Escribir ciencia ficción en el siglo XXI. ¿Realmente vale la pena?

…la ciencia ficción devora ideas, las digiere y nos dice cómo sobrevivir. Una cosa acompaña a la otra. Sin fantasía no hay realidad. Sin estudios sobre pérdidas no hay ganancias. Sin imaginación no hay voluntad. Sin sueños imposibles no hay posibles soluciones.

Ray Bradbury

No me avergüenzo de lo que hago, pero tampoco ando por ahí diciéndole a todo el mundo que soy escritor. Un amigo, informático también, me asaltaba a preguntas el otro día porque acababa de enterarse, vía Facebook, de mis pretensiones literarias.

¡Un blog! Te lo tenías callado. ¿De qué va? ¿Qué escribes?

Le respondí que, en general, el blog trata de literatura, pero me gusta escribir sobre todo ciencia ficción y fantasía. Esperaba la típica sonrisa condescendiente, esa que aparece en el rostro de muchas personas (escritores incluidos) cuando se habla de estos géneros y equivale a decir: Vaya, conque eres uno de esos. Para variar, mi interlocutor asintió y dijo:

Bien por ti. La ciencia ficción está en alza ahora.

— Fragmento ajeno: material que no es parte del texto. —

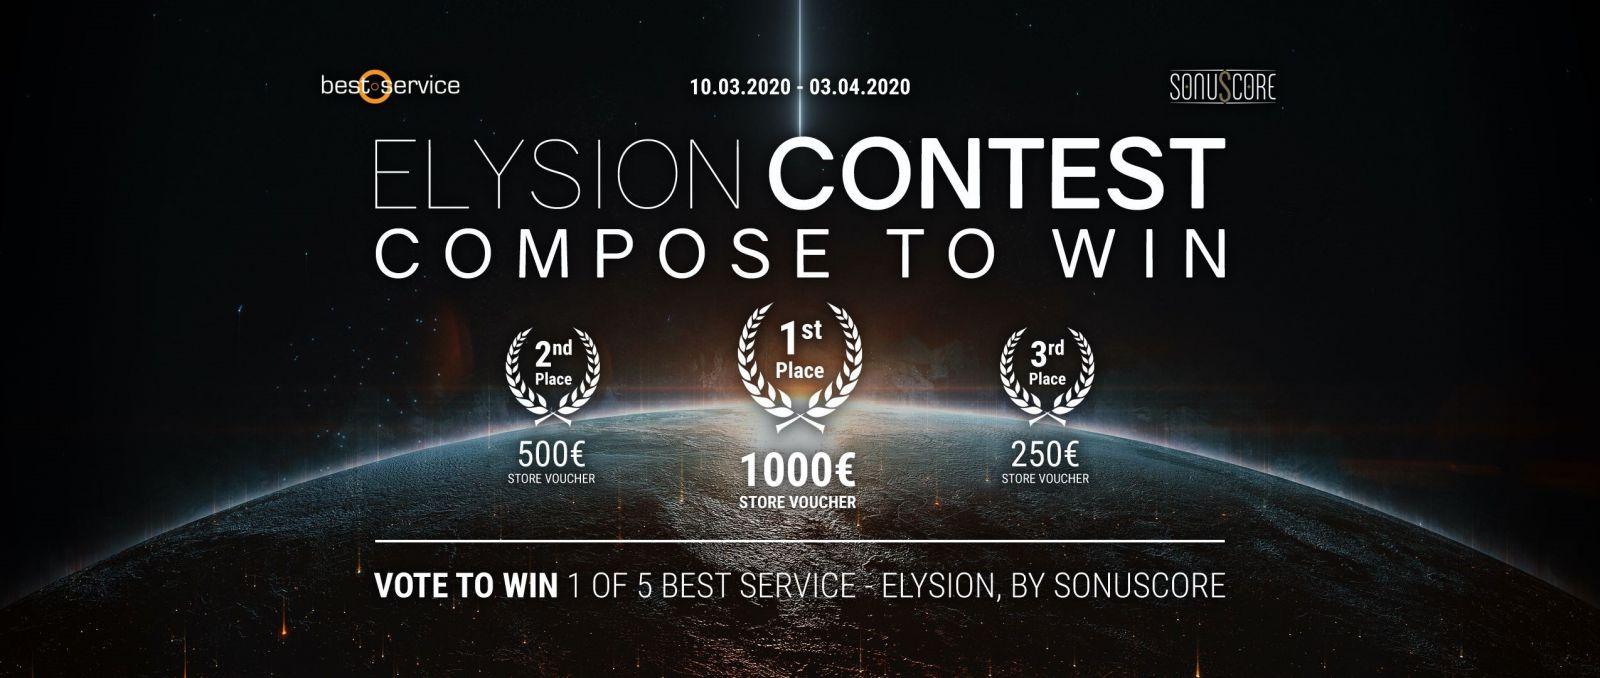 Elysion Composer Contest
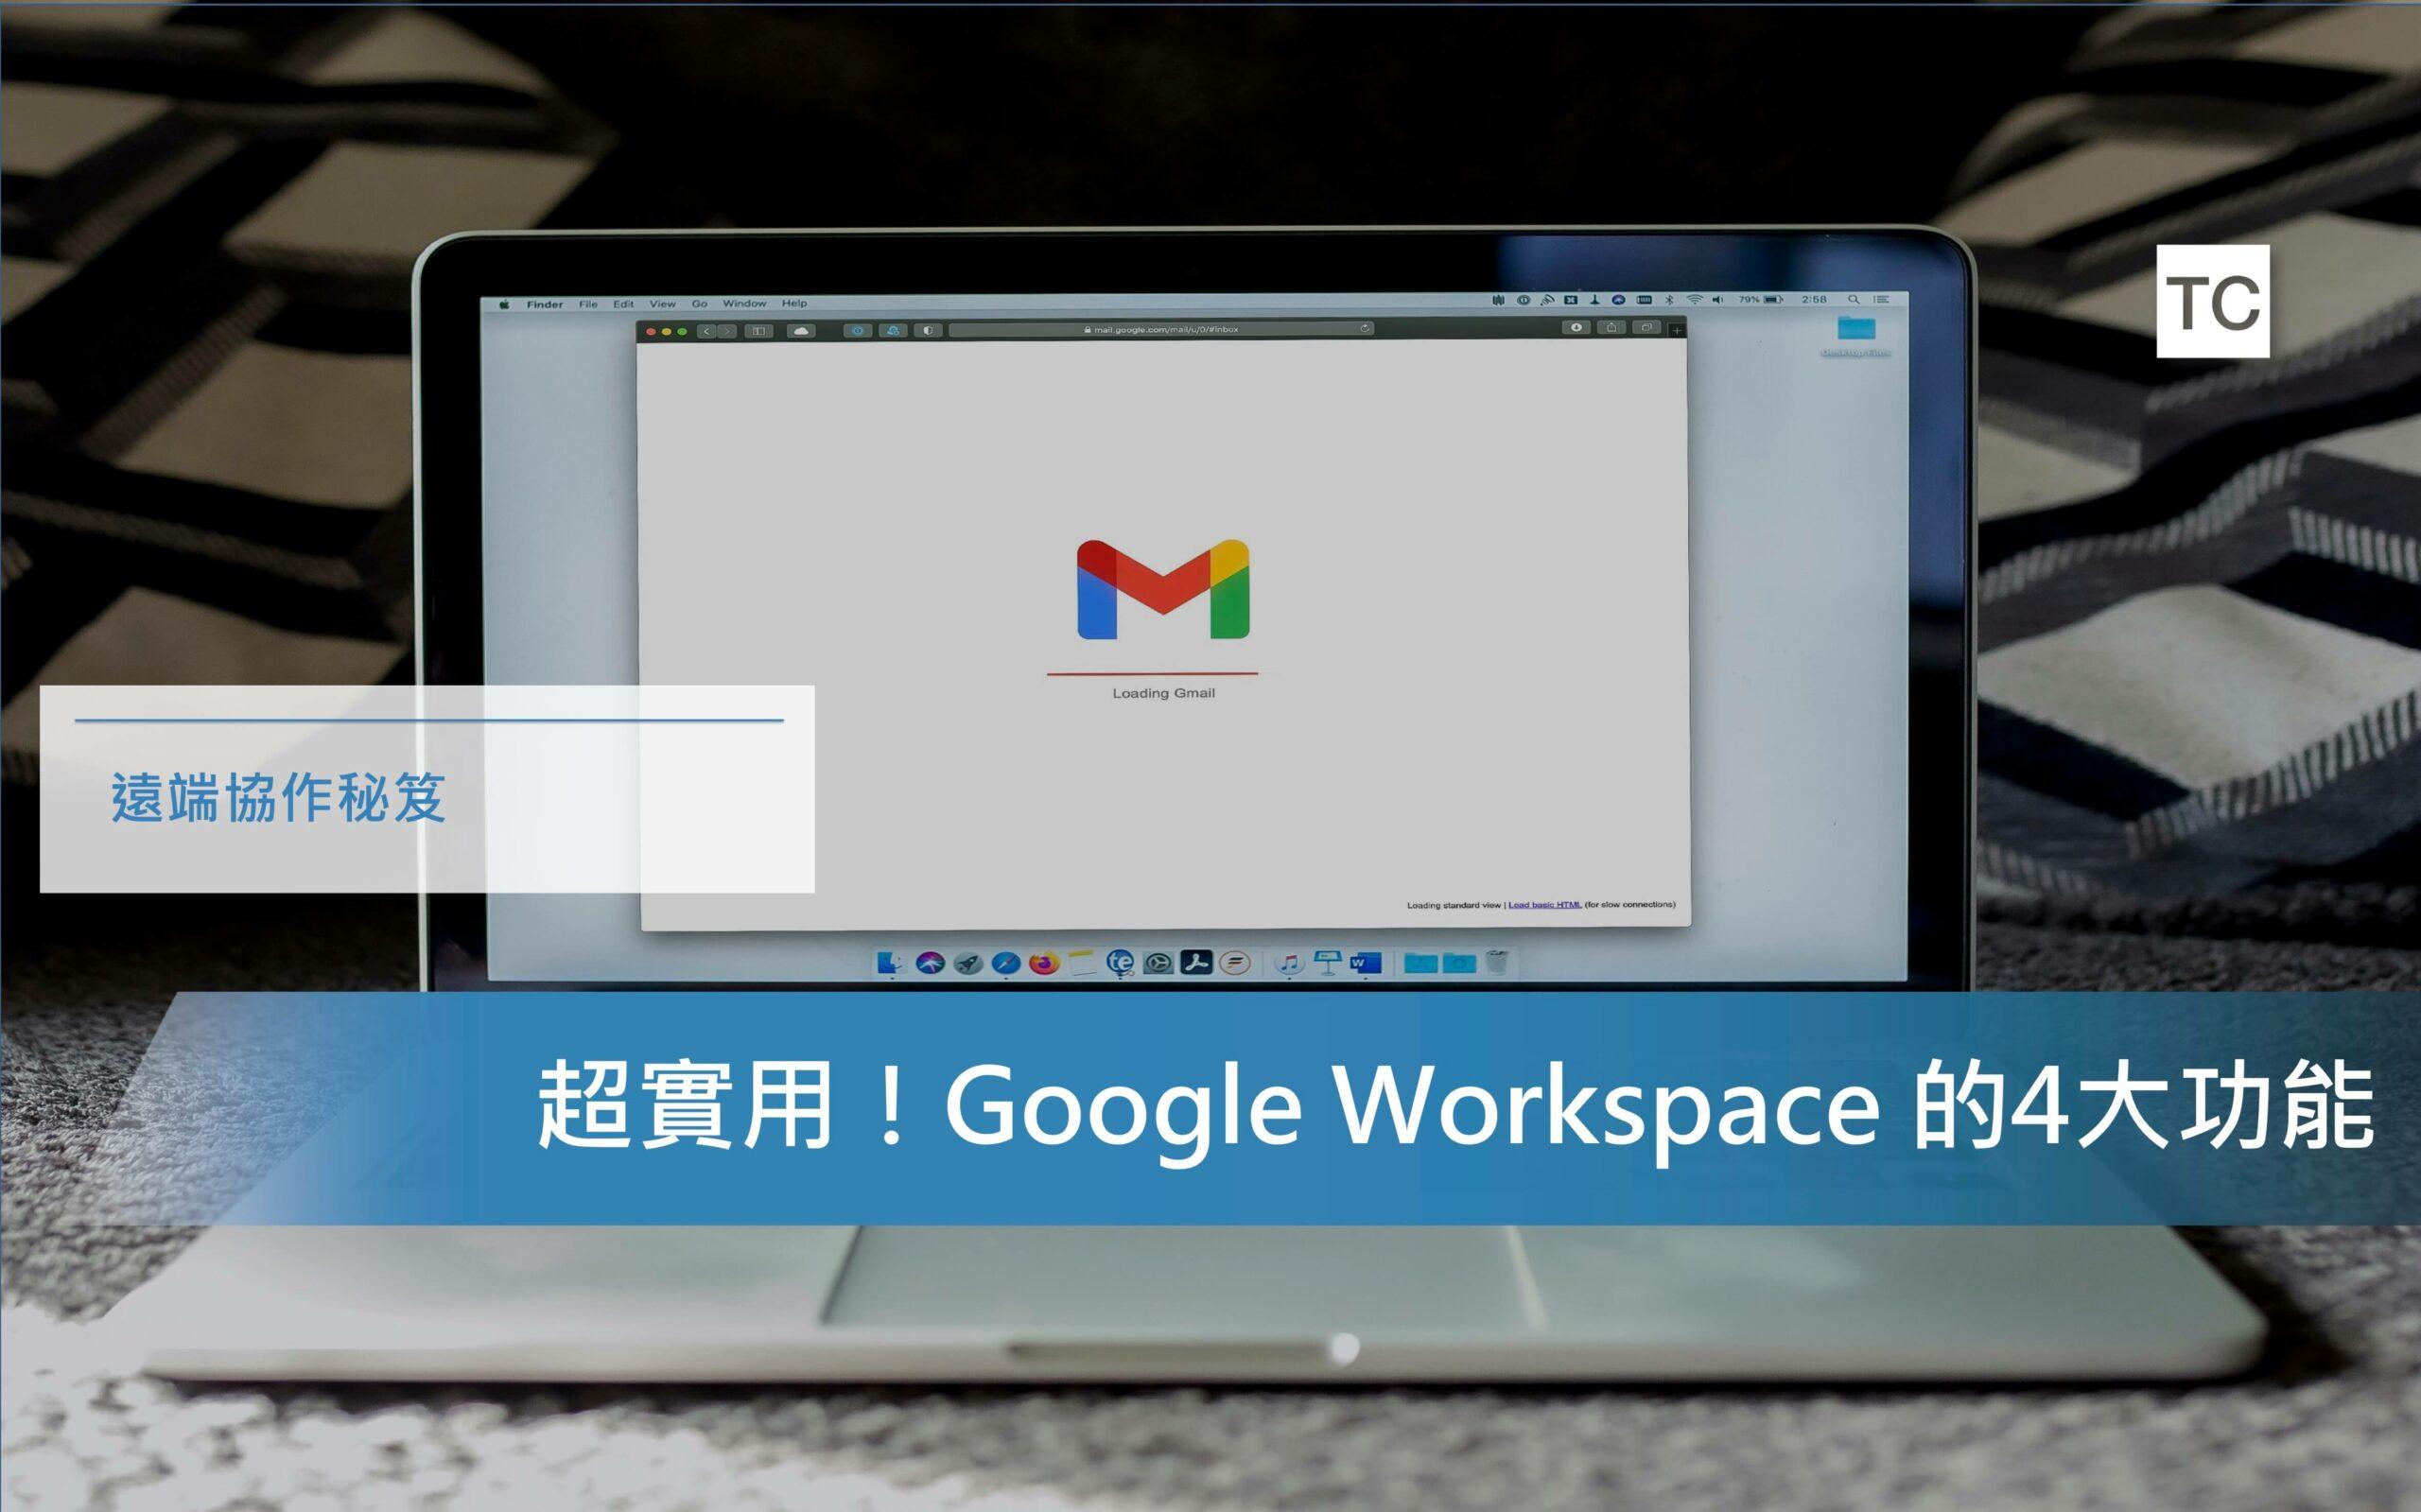 Google Workspace|超實用!Google Workspace 不可不知的 4 大功能

¿Tú crees?, dije yo medio en broma, medio preocupado también.

Debo aclarar que el amigo del que hablo no está al tanto de la situación actual de este género literario en Cuba ni de las posibilidades editoriales que comienzan a abrirse para sus autores. Como casi todas las personas que conozco, quienes aseguran no tener tiempo para coger un libro (aunque sí para conectarse a Internet), mi amigo no se refería a la ciencia ficción como literatura sino como un fenómeno de los medios.

Si lo vemos desde esa perspectiva, tal parece que es verdad. Son tiempos interesantes para la industria del entretenimiento y la CF se presta muy bien a ello. Las nuevas tecnologías hacen posible todo tipo de proyectos cinematográficos y televisivos de alto presupuesto. Las franquicias se eternizan en secuelas y precuelas. Los universos extendidos de Marvel y DC Comics se extienden a más no poder y es la hora de desempolvar las viejas revistas.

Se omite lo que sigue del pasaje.